First-time head coach Nick Sirianni, a coach’s kid for whom football always has been religion, seems blind to the fact that, in order to play competent football, you must play ... football. You must not only practice football. You must play it. The NFL preseason always existed, foremost, to prepare a team’s best players to play. Sirianni, 40 — encouraged by bosses Howie Roseman and Jeffrey Lurie, according to league sources — is ignoring this truism, which was always embraced by the NFL’s Lombardis and Browns and Belichicks and Reids.

Jalen Hurts and the first-team offense should play at least four series Friday at the Jets in their preseason finale. Hurts didn’t play in Game 2 because of a bad belly. If he doesn’t get lots of playing time in Game 3, Eagles fans are going to be sick to their stomachs come Sept. 12.

If the players get hurt, so be it. They’d probably get hurt when the real games begin Sept. 12 anyway. If they can’t make it through 30 minutes against the worst team in football, only God can help them.

Sirianni is saying, We don’t need to play to polish our game.

This reeks of Roseman and his slavery to sports science. Of course, neither Roseman nor sports science have kept the Eagles healthy since Roseman and Lurie joined the Cult of Football Nerdery after they fired Andy Reid following the 2012 season.

The arrogance is incredible. The assumption of competence without competition is insane. Sirianni has installed a new offense. He’s brought a new coaching staff. He’s never even called plays before. Everybody wearing any shade of Eagle green needs maximum reps this summer.
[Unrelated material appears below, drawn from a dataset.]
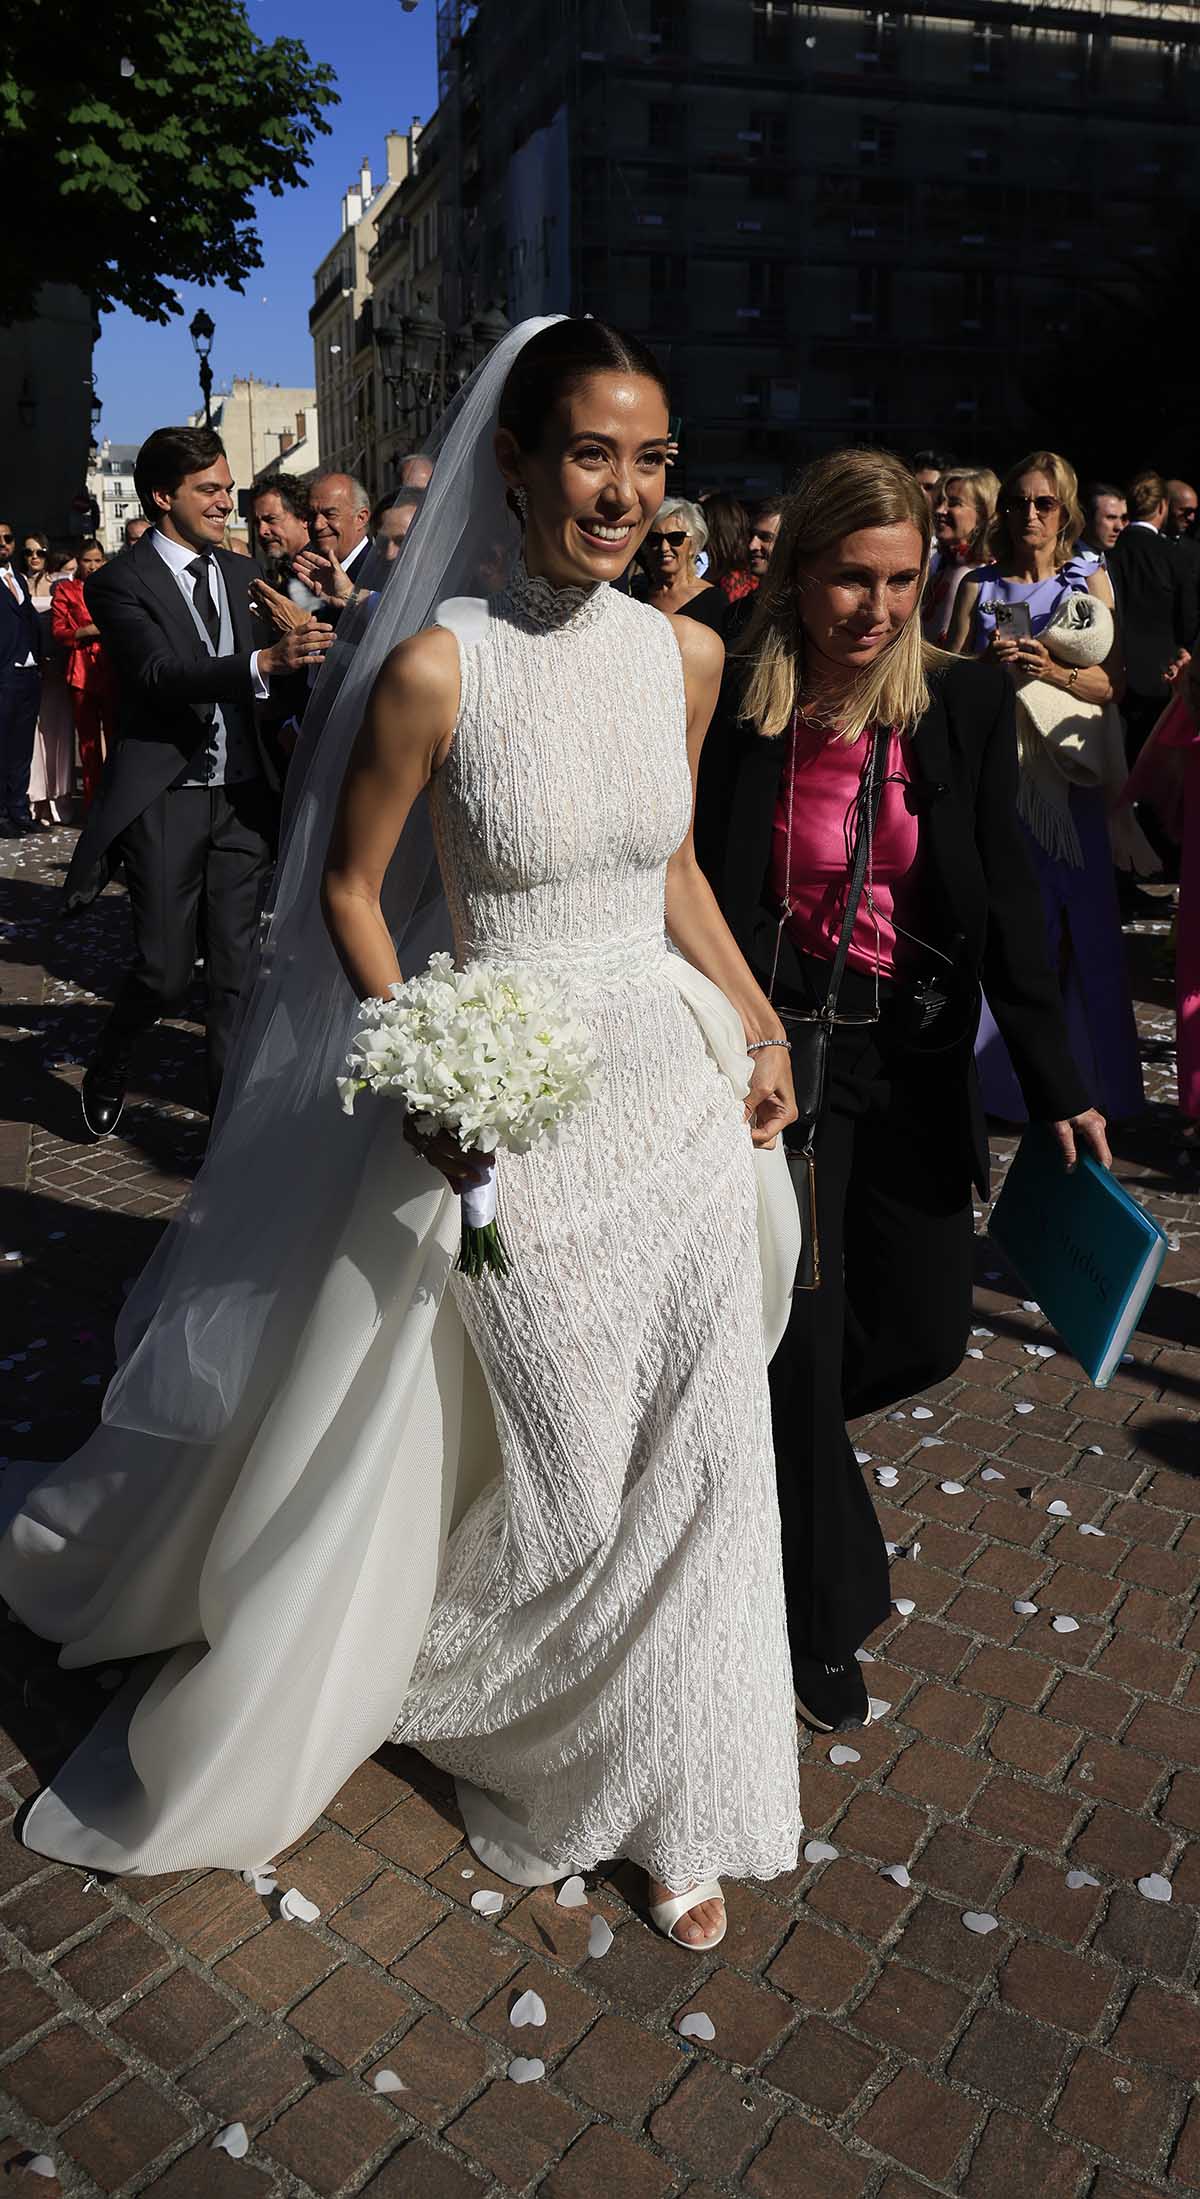 during wedding of Daniel Clara Anne Marie Colling in Paris on Saturday, 3 June 2023.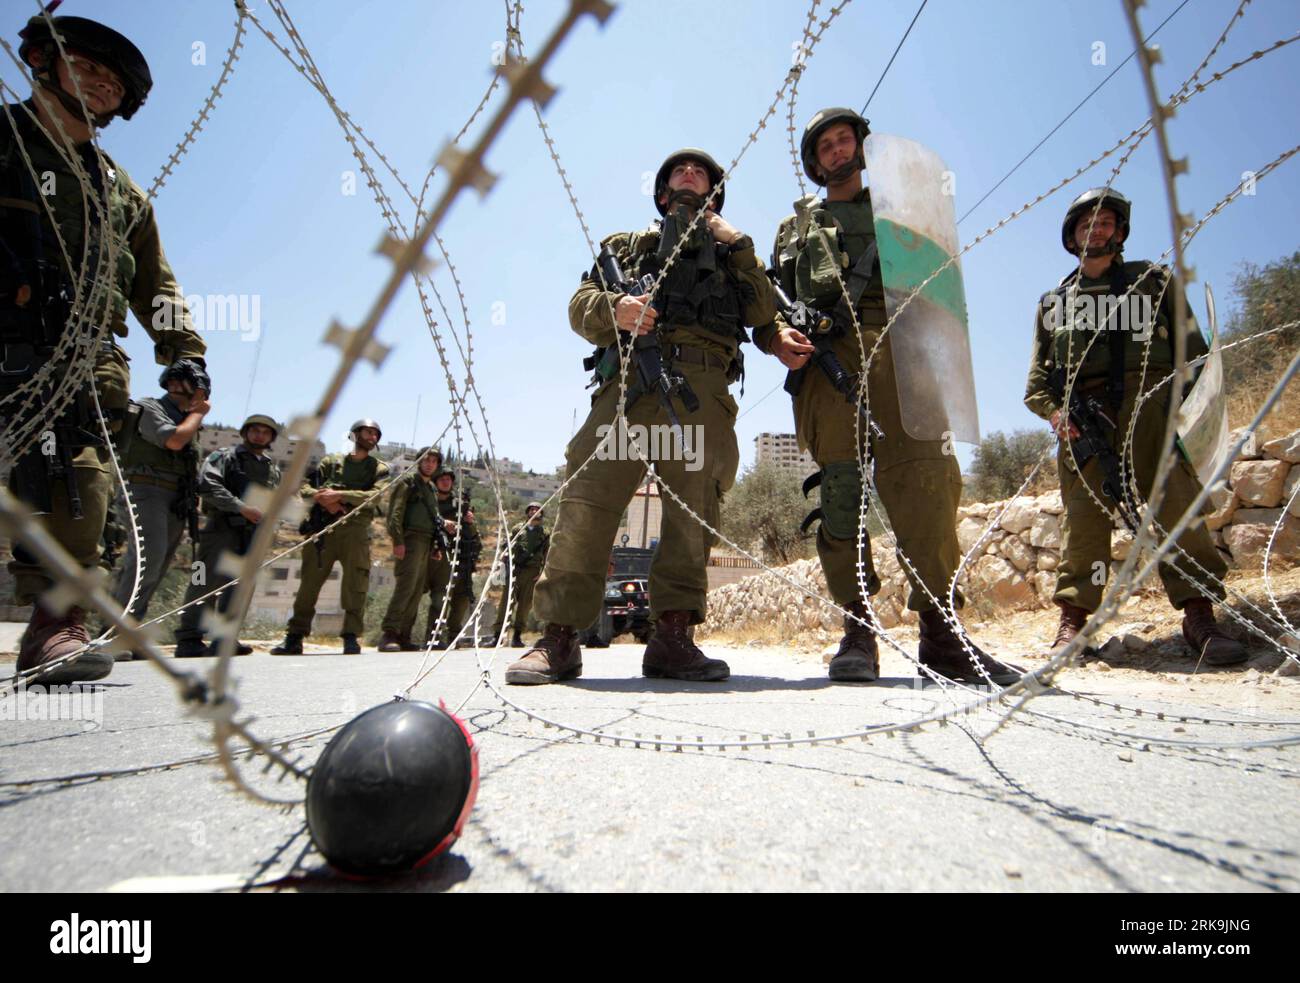 Bildnummer: 54203464  Datum: 04.07.2010  Copyright: imago/Xinhua (100704)-- BETHLEHEM, July 4, 2010 (Xinhua) -- Israeli soldiers take position during a Palestinian demonstration against Israel s separation wall in the West Bank town of Beit Jala near Bethlehem, July 4, 2010. (Xinhua/Luay Sababa)(zl) (1)MIDEAST-BETHLEHEM-DEMONSTRATION PUBLICATIONxNOTxINxCHN Gesellschaft Militär Übung Militärübung kbdig xdp 2010 quer premiumd xint o0 Stacheldraht    Bildnummer 54203464 Date 04 07 2010 Copyright Imago XINHUA  Bethlehem July 4 2010 XINHUA Israeli Soldiers Take Position during a PALESTINIAN Demonst Stock Photo

Mount Rushmore coaches always have figured that if they spend the preseason protecting players from injury, then those players weren’t going to help them much, anyway. There is, in football, a requisite toughness that demands ... toughening. You don’t get calluses on massage tables. Treadmills can’t replace laps. And Hurts isn’t going to get any better throwing passes half-speed against Avonte Maddox and Alex Singleton. Sirianni’s practices are already shorter than a typical Donald Trump rally, and they’re far less effective. The Eagles are averaging two points per preseason quarter.

Soft training camps produce soft players. Soft players make for soft teams. Soft teams lose.

Right now, the Birds are looking Stay Puft soft.

Don’t fear the trainer

The Eagles drafted Hurts in the second round last year but planned to use him only as a gadget-play weapon. Before he replaced collapsed starter Carson Wentz for the last four games, he’d thrown just 15 passes.

This means Hurts hasn’t played with right guard Brandon Brooks, who missed all of 2020, or with right tackle Lane Johnson, who missed the last six games. He hasn’t played with a healthy Zach Ertz or Dallas Goedert, whose ankle injuries early last season limited them late in the year. And, of course, he hasn’t played since his Alabama days with first-round rookie receiver DeVonta Smith, who missed the preseason opener, in which Hurts played two unremarkable two series.

If the Eagles are worried about injuries, then they should start a debate team. Injuries are part of the calculus every general manager computes when he builds a team. If Roseman thinks his team lacks the depth to risk injury in preseason games, then Roseman has made yet another blunder.

Besides, there’s plenty of time. If someone tweaks a hamstring or twists an ankle, since there are only three preseason games now, he’ll have 15 days to recover.

You simply cannot run your football team like it’s an AARP colony with fragile hips. Either you’re playing football or you’re not. If you can’t get players ready for the rigors of 30 minutes of a preseason game, playing mostly against a bunch of veterans on the other side who also don’t want to get hurt, then what chance do they have in 17 regular-season games?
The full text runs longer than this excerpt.